→ WORK ITEM
Records follow. Pull out every line that contains "Baker".

→ DATASET RECORDS

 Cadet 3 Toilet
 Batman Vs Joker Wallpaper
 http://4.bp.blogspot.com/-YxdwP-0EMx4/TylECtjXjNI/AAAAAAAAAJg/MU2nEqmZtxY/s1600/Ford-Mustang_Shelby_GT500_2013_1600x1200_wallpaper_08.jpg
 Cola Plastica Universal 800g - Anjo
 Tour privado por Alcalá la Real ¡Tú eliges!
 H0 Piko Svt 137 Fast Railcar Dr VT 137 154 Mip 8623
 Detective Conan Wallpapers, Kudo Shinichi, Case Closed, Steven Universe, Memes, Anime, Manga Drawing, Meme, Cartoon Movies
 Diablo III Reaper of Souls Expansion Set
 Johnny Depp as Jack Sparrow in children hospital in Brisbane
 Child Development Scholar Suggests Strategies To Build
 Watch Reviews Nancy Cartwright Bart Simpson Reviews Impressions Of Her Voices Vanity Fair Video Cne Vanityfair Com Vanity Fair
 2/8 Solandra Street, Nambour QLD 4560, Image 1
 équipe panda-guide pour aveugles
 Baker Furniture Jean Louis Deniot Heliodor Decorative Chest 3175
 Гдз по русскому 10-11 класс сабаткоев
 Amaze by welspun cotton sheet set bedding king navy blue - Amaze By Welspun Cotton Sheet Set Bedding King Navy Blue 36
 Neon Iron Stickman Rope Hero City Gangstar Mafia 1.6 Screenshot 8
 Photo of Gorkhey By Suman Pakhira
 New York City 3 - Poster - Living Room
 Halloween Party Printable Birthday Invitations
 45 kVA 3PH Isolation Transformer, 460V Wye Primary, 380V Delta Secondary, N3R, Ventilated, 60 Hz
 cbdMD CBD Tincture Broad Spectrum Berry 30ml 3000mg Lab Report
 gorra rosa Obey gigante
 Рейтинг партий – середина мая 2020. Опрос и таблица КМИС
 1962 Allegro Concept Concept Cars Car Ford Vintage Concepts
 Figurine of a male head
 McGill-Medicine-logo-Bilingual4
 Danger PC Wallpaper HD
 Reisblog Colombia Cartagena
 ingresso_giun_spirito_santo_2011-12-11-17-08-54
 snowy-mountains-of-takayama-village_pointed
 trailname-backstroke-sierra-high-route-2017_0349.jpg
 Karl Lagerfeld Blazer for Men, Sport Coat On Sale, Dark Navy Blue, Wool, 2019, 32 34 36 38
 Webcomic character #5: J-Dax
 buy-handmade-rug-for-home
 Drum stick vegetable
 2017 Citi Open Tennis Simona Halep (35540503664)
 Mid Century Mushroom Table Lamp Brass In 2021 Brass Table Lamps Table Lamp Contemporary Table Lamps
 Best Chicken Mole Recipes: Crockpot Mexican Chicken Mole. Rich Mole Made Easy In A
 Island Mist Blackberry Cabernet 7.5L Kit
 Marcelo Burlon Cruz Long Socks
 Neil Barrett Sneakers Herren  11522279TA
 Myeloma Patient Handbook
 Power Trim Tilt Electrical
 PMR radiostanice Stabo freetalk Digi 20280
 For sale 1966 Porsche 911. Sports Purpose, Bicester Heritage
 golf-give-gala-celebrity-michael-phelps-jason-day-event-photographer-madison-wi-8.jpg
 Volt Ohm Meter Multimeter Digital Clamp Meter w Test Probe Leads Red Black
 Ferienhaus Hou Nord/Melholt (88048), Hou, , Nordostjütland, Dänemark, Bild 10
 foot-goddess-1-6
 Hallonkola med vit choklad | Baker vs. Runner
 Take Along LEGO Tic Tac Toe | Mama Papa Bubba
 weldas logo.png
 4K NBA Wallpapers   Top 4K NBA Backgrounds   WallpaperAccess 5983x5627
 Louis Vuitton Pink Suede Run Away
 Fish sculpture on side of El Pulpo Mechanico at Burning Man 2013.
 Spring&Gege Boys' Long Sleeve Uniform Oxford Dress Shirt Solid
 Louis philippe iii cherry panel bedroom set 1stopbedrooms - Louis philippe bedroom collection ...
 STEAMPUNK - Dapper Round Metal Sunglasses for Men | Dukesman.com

→ ANSWER FOR THE TASK
 Baker Furniture Jean Louis Deniot Heliodor Decorative Chest 3175
 Hallonkola med vit choklad | Baker vs. Runner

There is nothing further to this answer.